1/3 of your life is spent sleeping. That equates to about 25 years of an average human’s life. This is an important time for your body to recover and to strengthen your memory. (CNN Health).
With finals week quickly approaching,  sleep is more important than ever to ace that last test.

According to Dr. Ancoli-Israel, most adults need seven to eight hours of sleep a night. She says that “People are so busy in their everyday lives and something has to give. They give up on sleep rather than something else.”

I don’t know about you, but I certainly do not get seven to eight hours of sleep per night. This is something of concern, not only for memory and mental cognition, but also your general health.

Studies show that short-term sleep deprivation can cause you to crave foods high in carbohydrates and sugars. Therefore, lack of an appropriate amount of sleep is associated with weight gain. (WebMD).

Research also shows an increased mortality risk for those who get below the recommended amount of sleep per night. One study surprisingly found that sleep deprivation is a greater mortality risk than smoking, high blood pressure, and heart disease. (WebMD).

Which I find hard to believe, but we will let the research speak for itself unless otherwise disproven.

Sleeping also has a major impact on our mental health. Lack of sleep is associated with psychological problems, including anxiety, depression, and other mood disorders. (WebMD).

With all of the negative aspects of sleep deprivation, one would think a simple solution is to get more sleep. However, that is easier said than done if you are someone that has trouble falling asleep, or if you are one of the 60 million Americans that have reported experiencing insomnia (Neurological Disorders and Stroke).

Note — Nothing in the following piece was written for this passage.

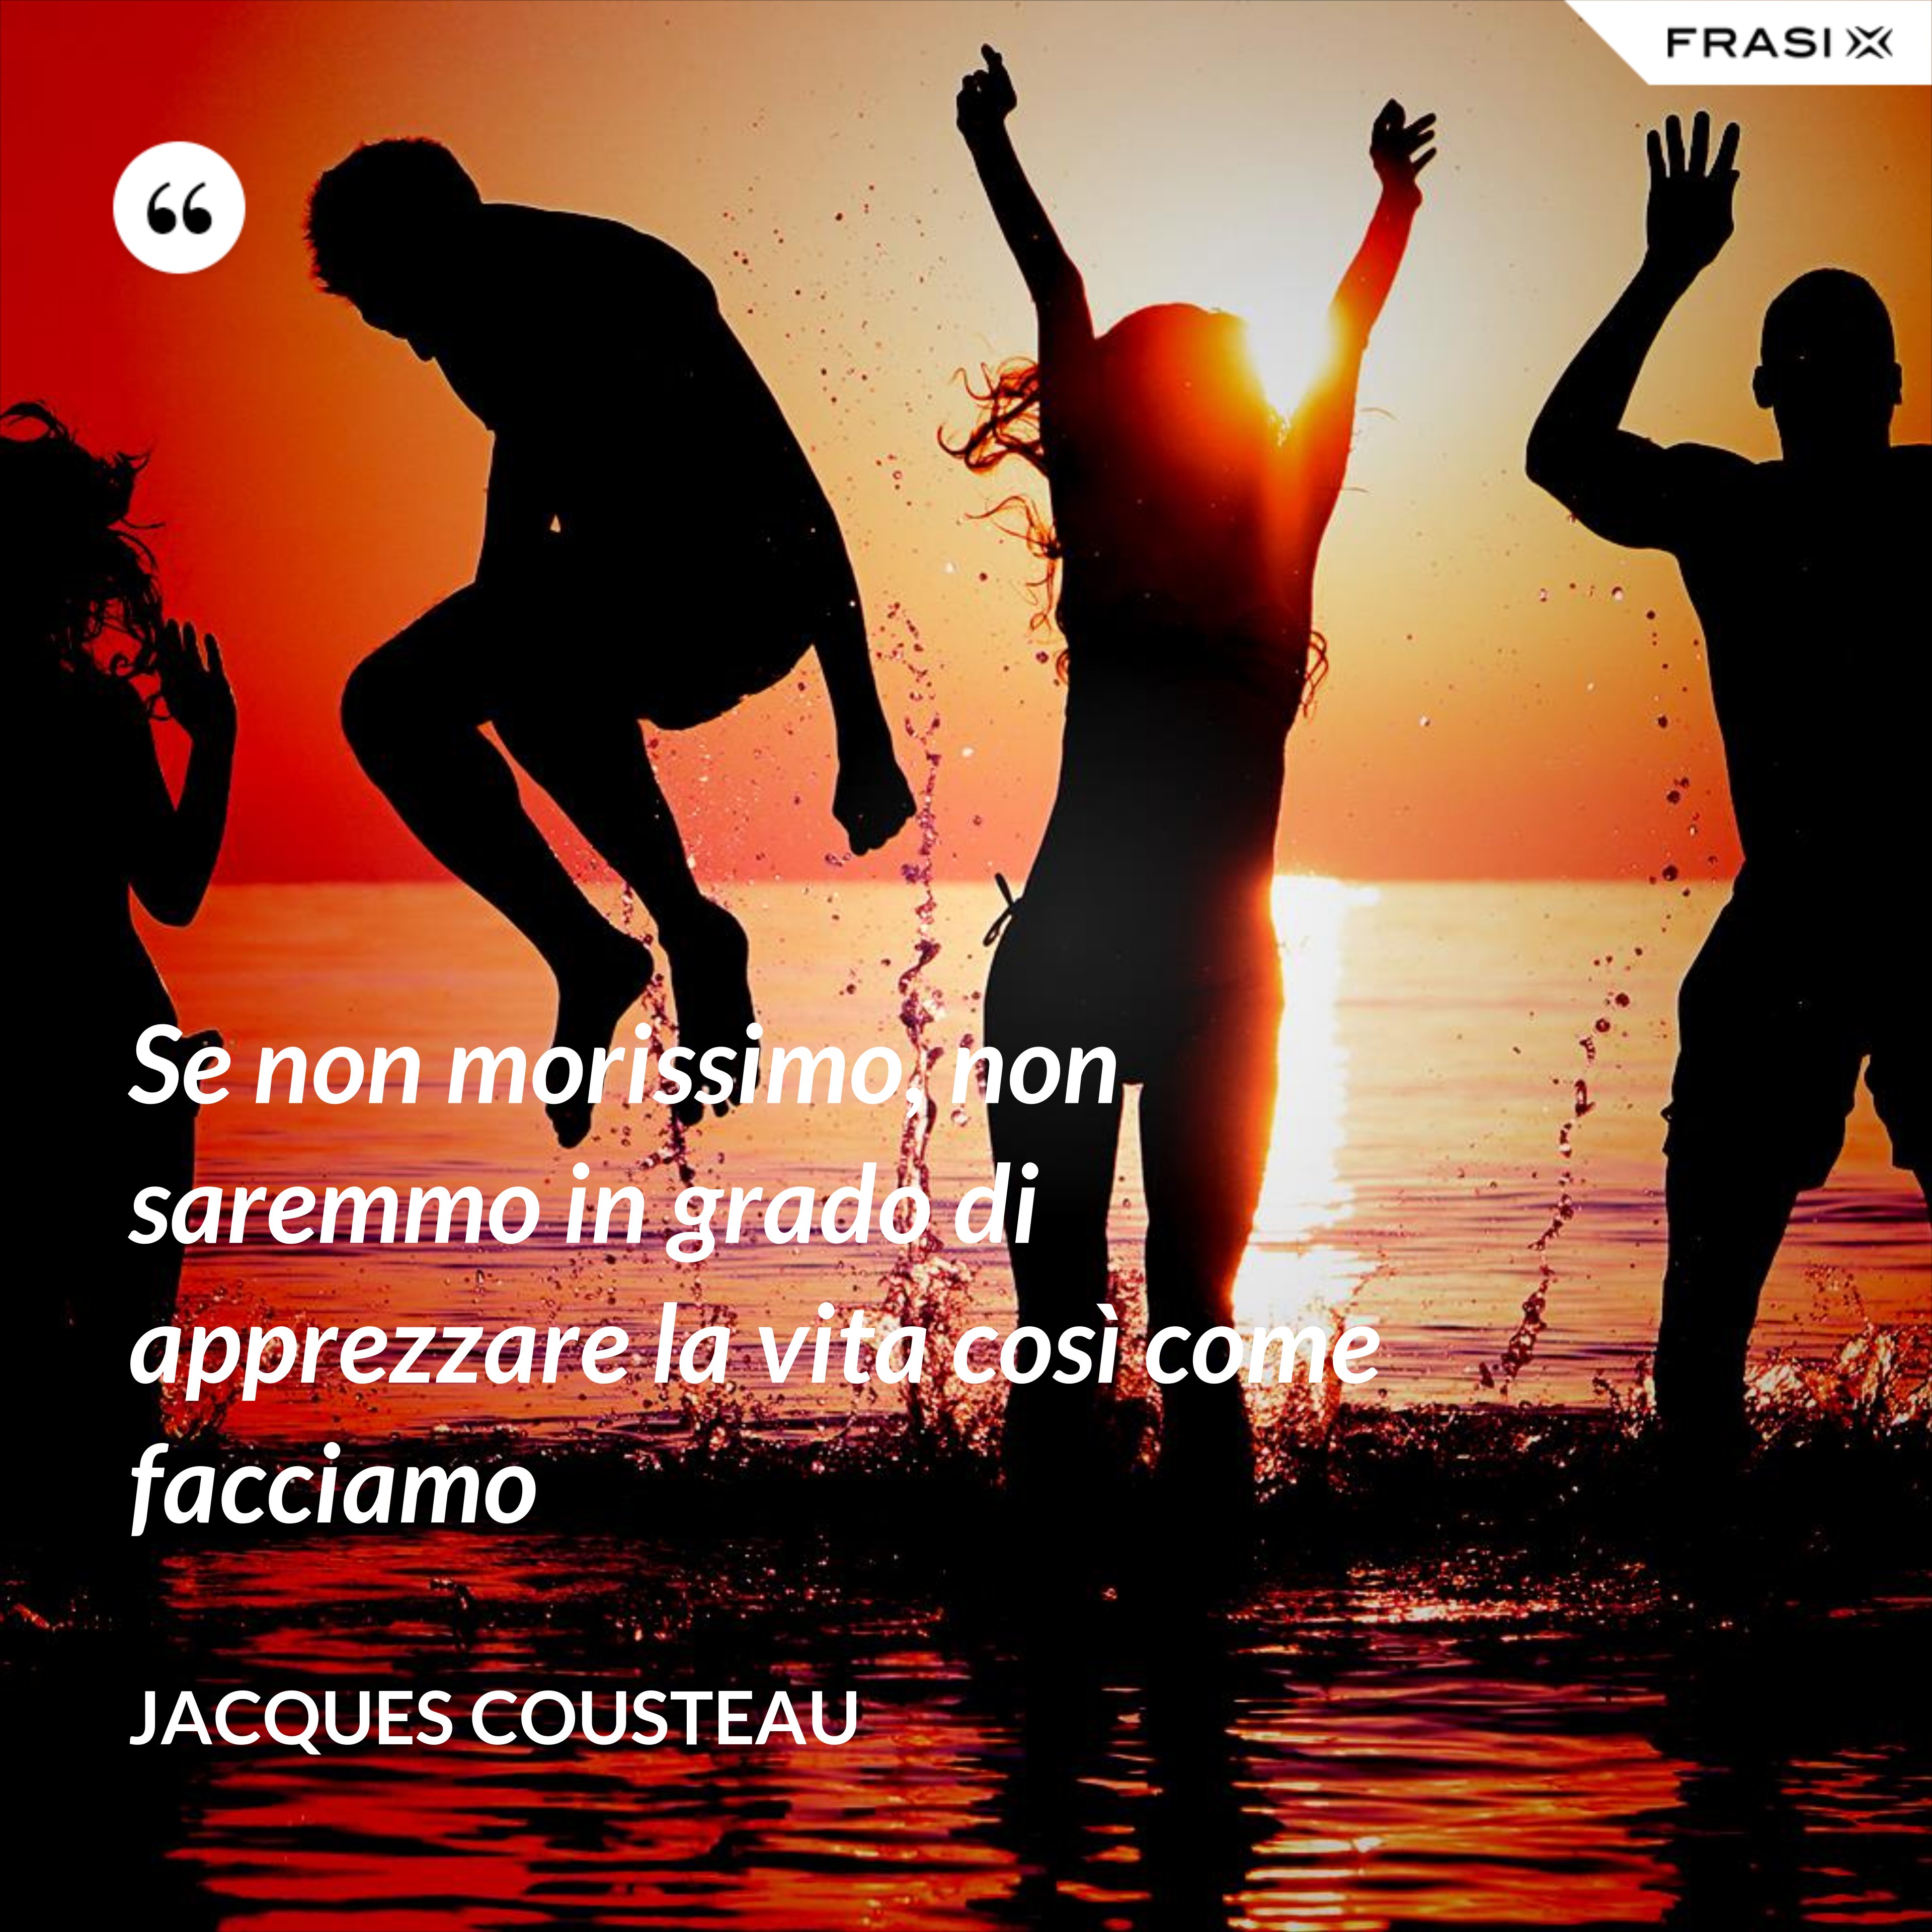 Se non morissimo, non saremmo in grado di apprezzare la vita così come facciamo - Jacques Cousteau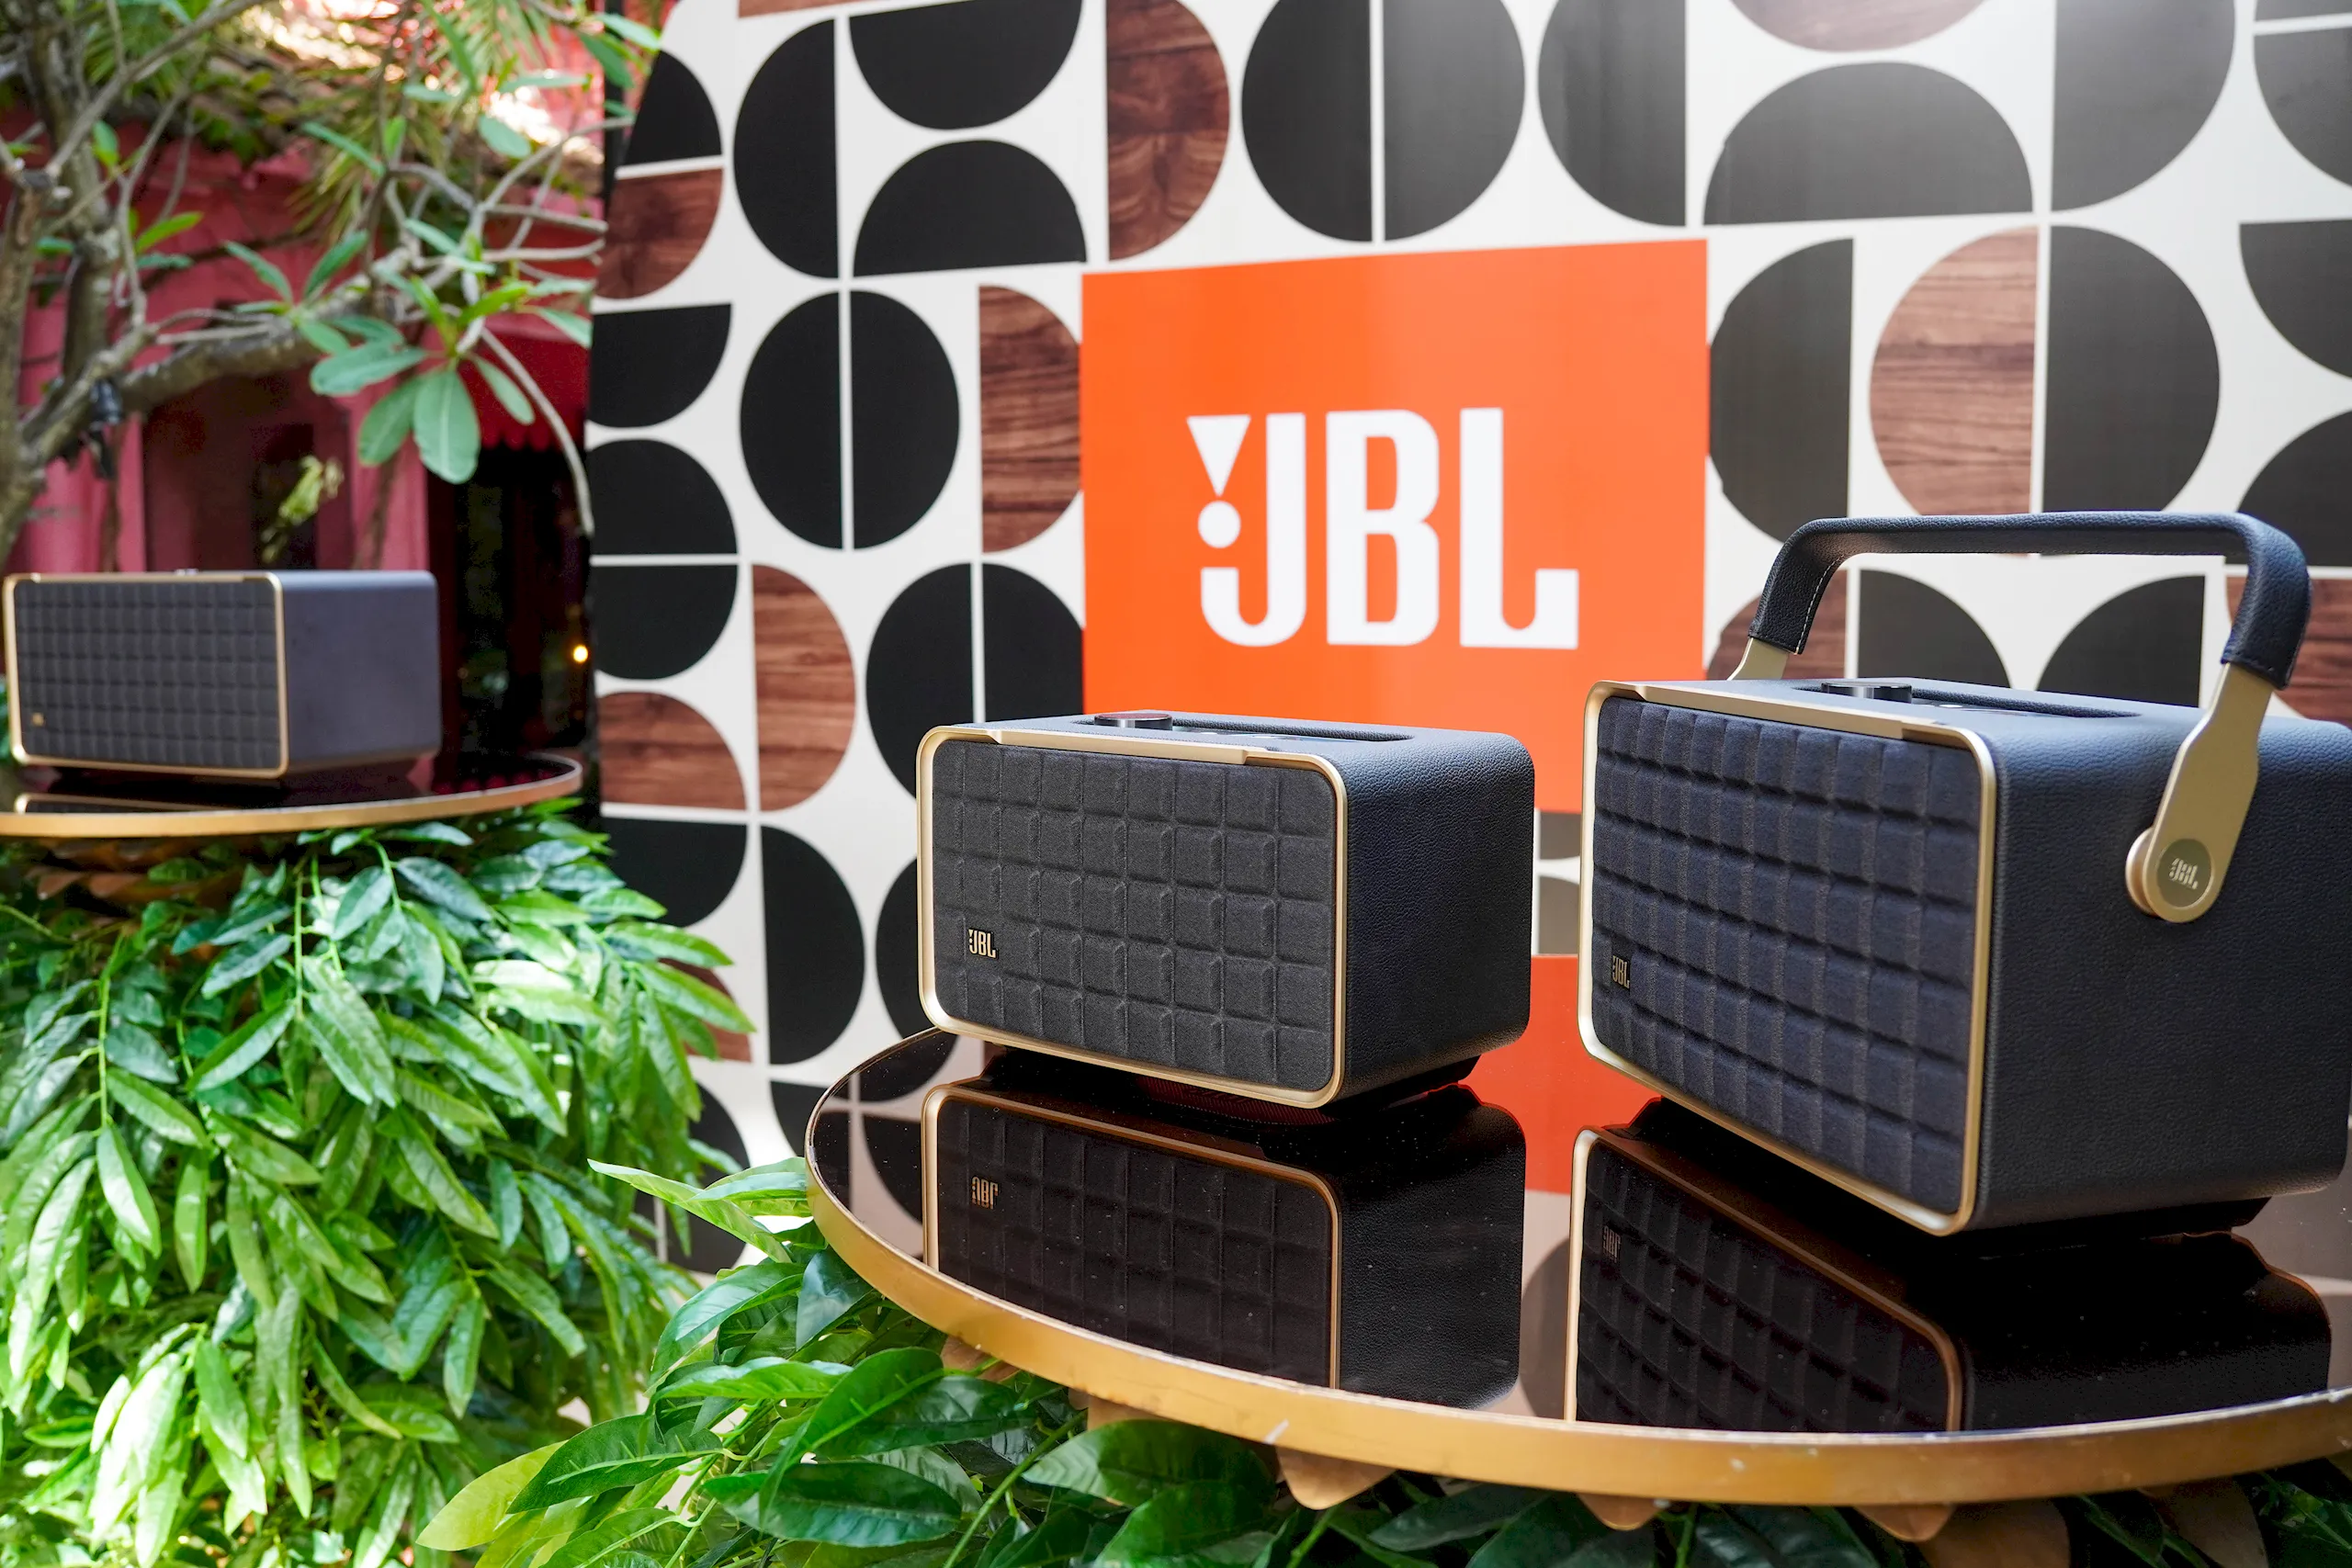 JBL mở bán dòng loa Authentics và đầu đĩa than Spinner BT với thiết kế cổ điển kết hợp các chức năng thông minh

Sleep disorders run in my family and I, personally, average about five hours of sleep per night. Therefore, I have tried lots of tricks and medicine to get to sleep. I would like to share some tips I have researched and tried to help you get to sleep.

1. Avoid exercising late at night. I am certainly guilty of this on several occasions as I am more motivated at night to hit the gym. You would think a nice exercise would tire you out and put you to sleep. However, a vigorous exercise stimulates your heart, brain, and muscles, which is the opposite of what you want to have before bedtime.

2. Don’t procrastinate doing homework or studying for a test. As a double major with a full-time job, I know how hard this is for college students. It’s easy to leave a project until the last minute, or cram for that big exam the night before.

However, I promise that it is possible with effective time management. Try making a schedule of what you have due for the month and plan out the days that you can finish those assignments or study.

3. Give your body and mind a 60-minute wind-down before sleeping. “We are assaulted by information all the time and it’s really up to us to create routines that help separate the buzzing of the brain from our sleep routines,” says Janet Kennedy, Ph.D., clinical psychologist, founder of NYC Sleep Doctor and author of The Good Sleeper: The Essential Guide to Sleep for Your Baby (and You).

Dr. Kennedy therefore recommends giving yourself an hour to relax and unwind before trying to sleep.

4. Limit your caffeine intake throughout the day. As a former caffeine addict, my new motto is, “if you don’t need it, don’t drink it,” Don’t simply drink coffee just to drink it. Have a decaf coffee if you want the taste but don’t need the energy boost.

5. Take a hot bath or shower before bed. This is a classic technique that works well for me. According to Dr. Kennedy, your body temperature drops rapidly once you get out of the shower. Which creates a sleepy feeling because your metabolic processes slow down.

6. Wear socks to sleep. According to research studies, the optimal temperature for sleep is a cool core temperature and a warm extremity temperature. That warm shower has taken care of the core temperature, and the socks are the finishing touch to create an ideal sleeping temperature.

7. Don’t go to sleep unless you are tired. This seems logical, but we have all tried to go to sleep early for a big event the next day, but it is not something you can force upon yourself.

Hopefully these tips will help you get some more sleep this finals week. Because I know we all want that extra edge on the exam, and sleeping more may be the answer. (No pun intended).